━━━━━ Supplied information ━━━━━

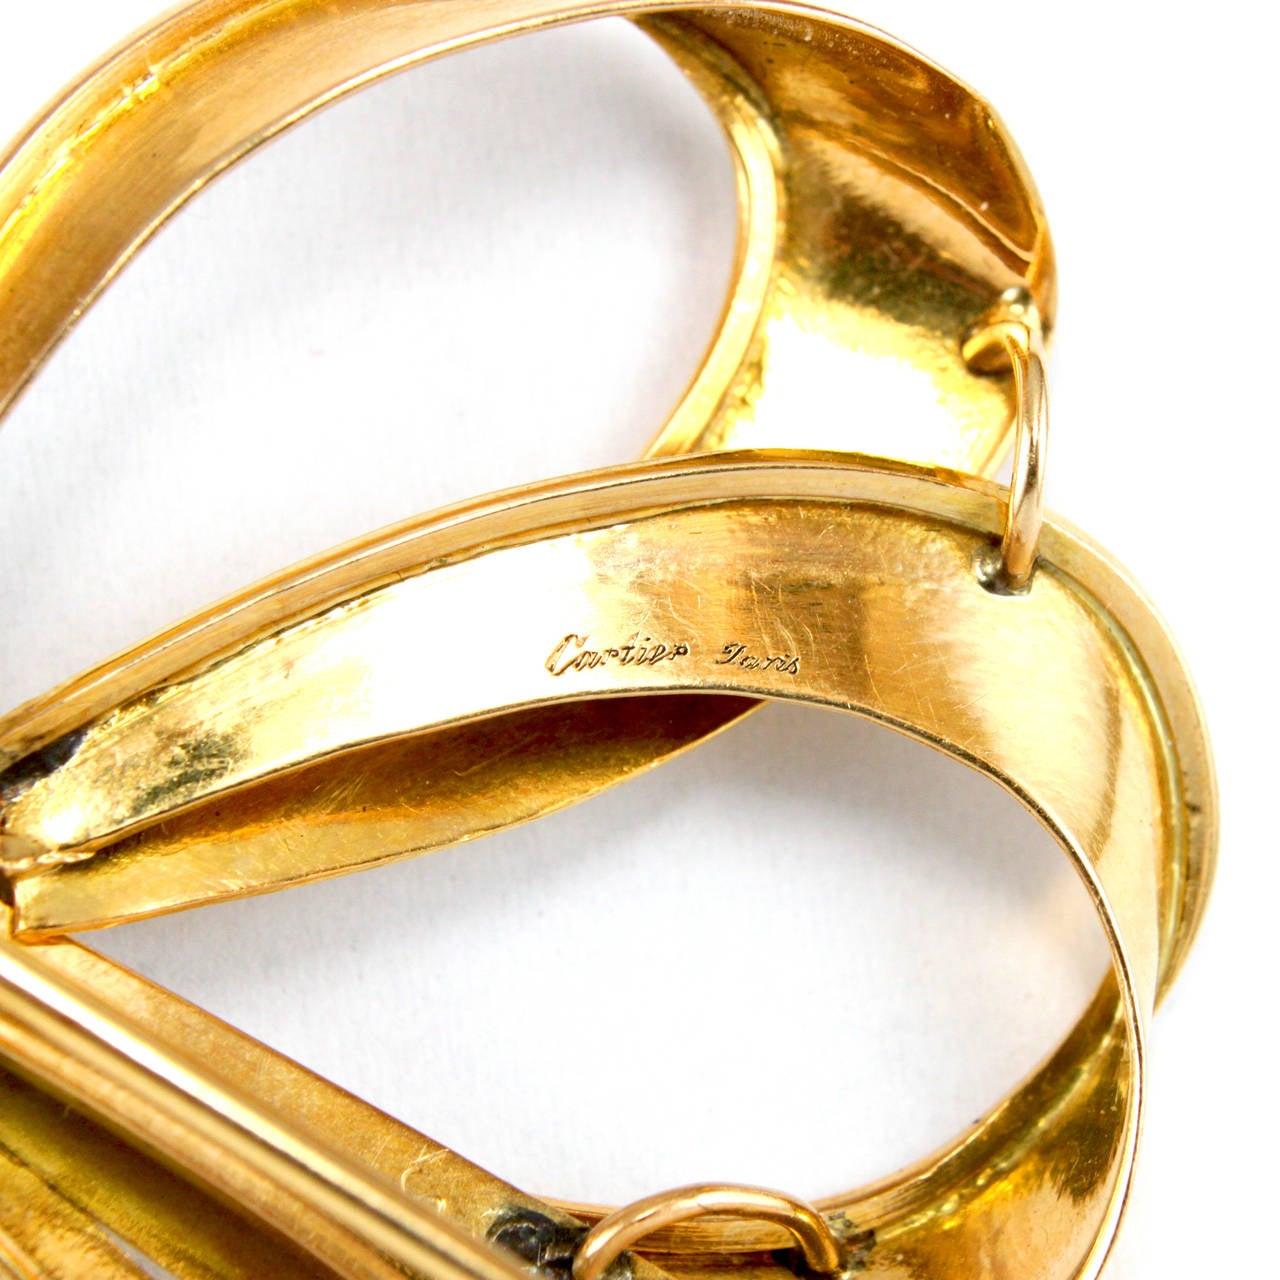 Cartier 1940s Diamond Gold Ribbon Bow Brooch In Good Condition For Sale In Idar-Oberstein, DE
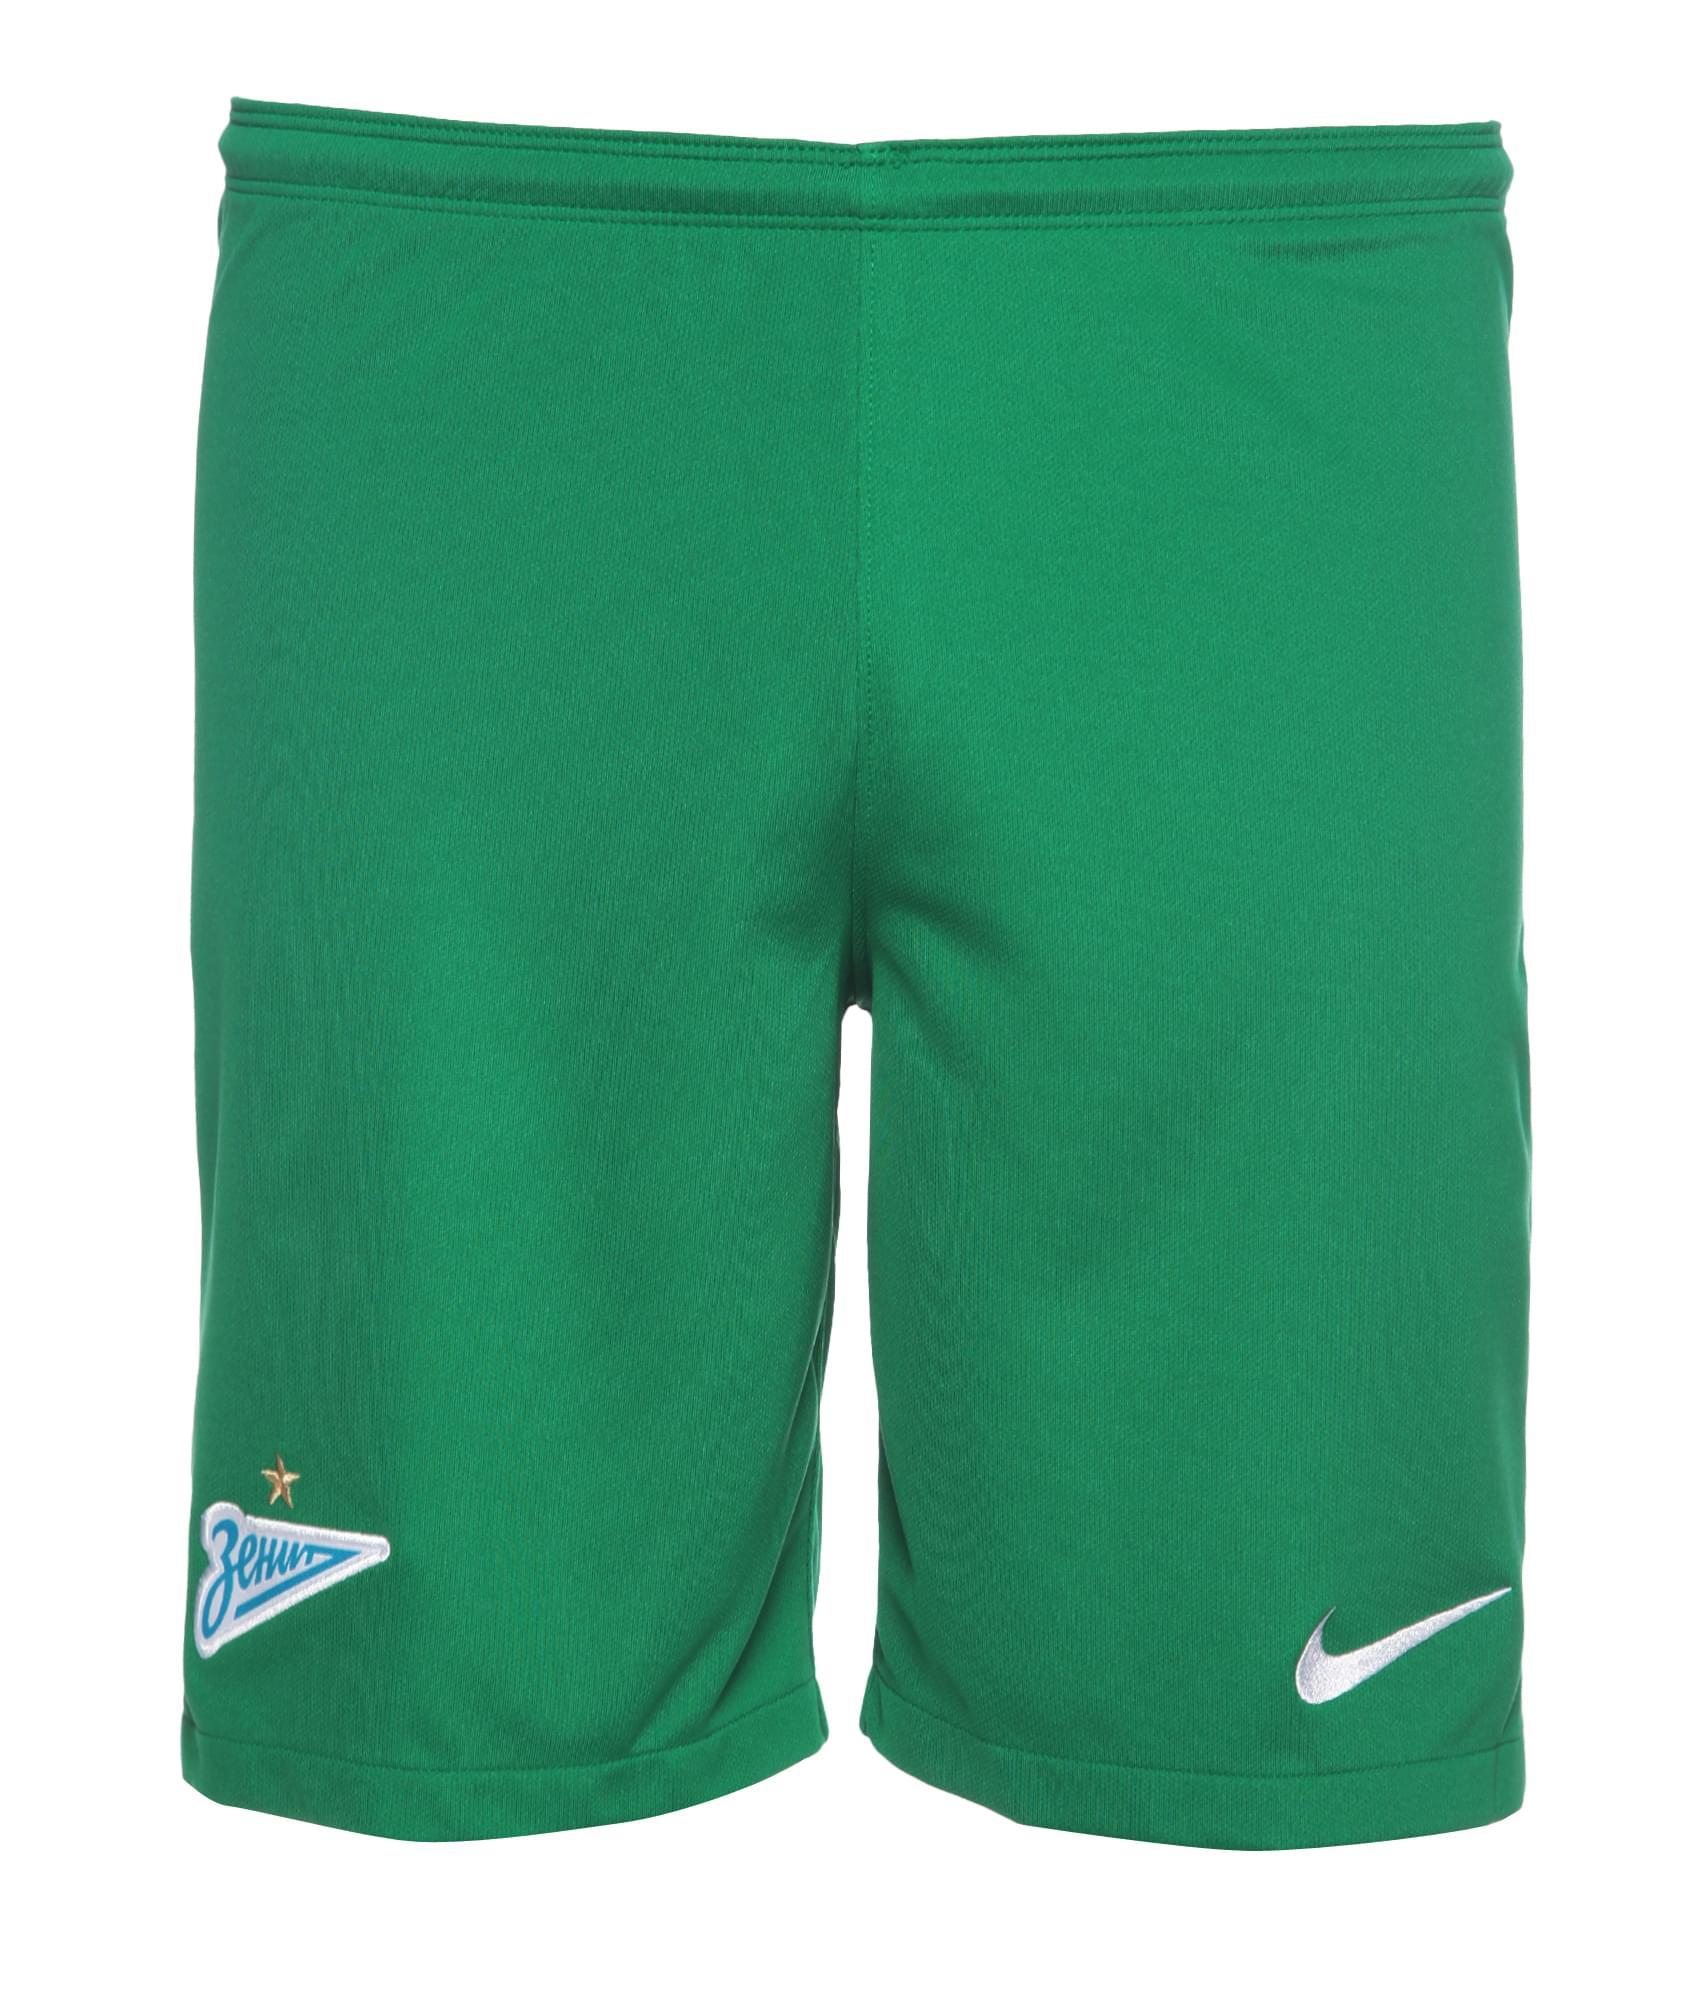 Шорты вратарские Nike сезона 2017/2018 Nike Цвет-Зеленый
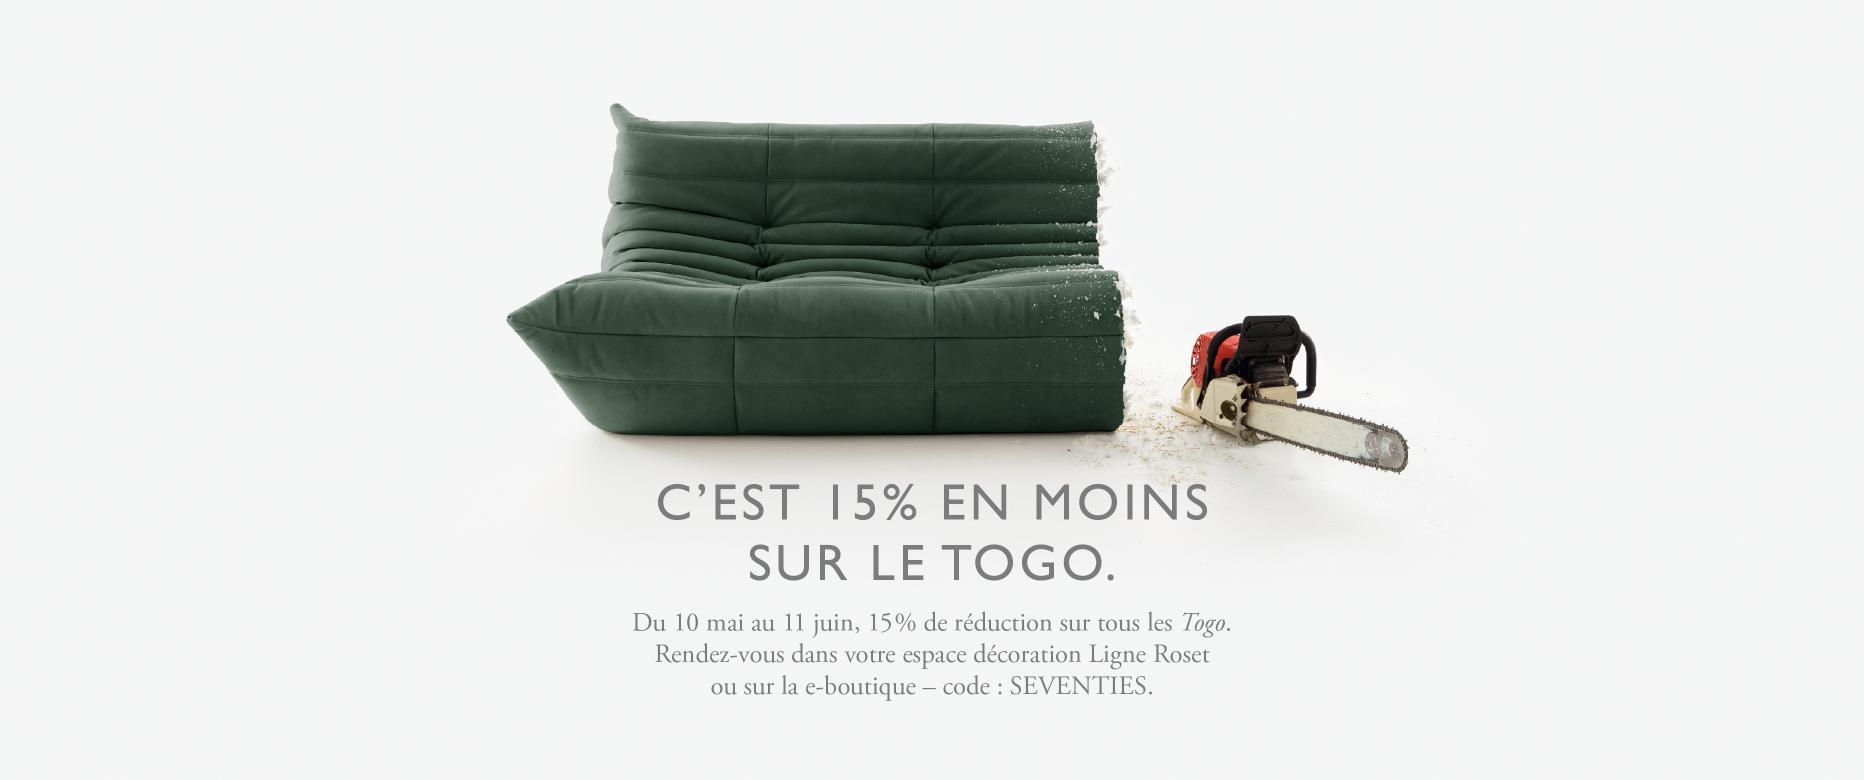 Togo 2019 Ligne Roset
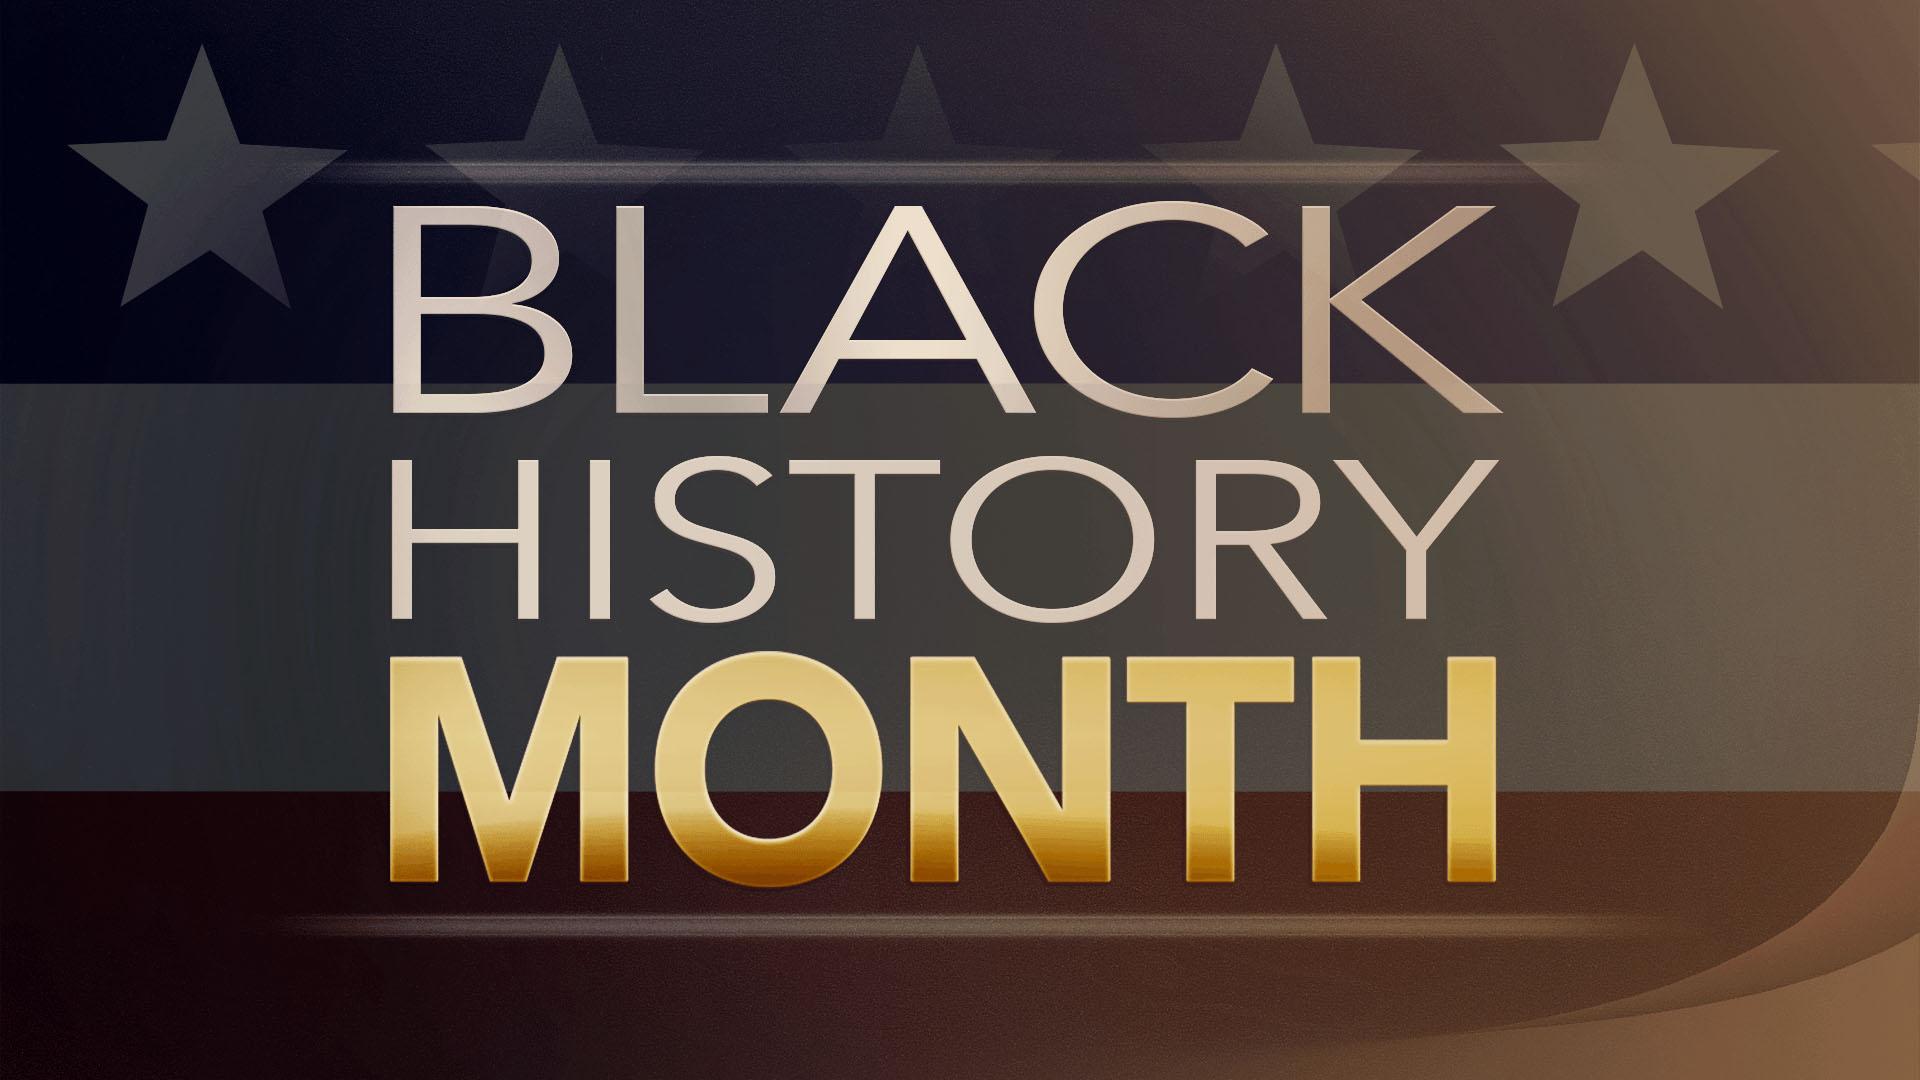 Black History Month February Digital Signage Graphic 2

━━━━━

Your output should be the lines from the one with "Togo 2019 Ligne Roset" through the end of the listing, copied exactly and with the pictures left out.

 Togo 2019 Ligne Roset
 Black History Month February Digital Signage Graphic 2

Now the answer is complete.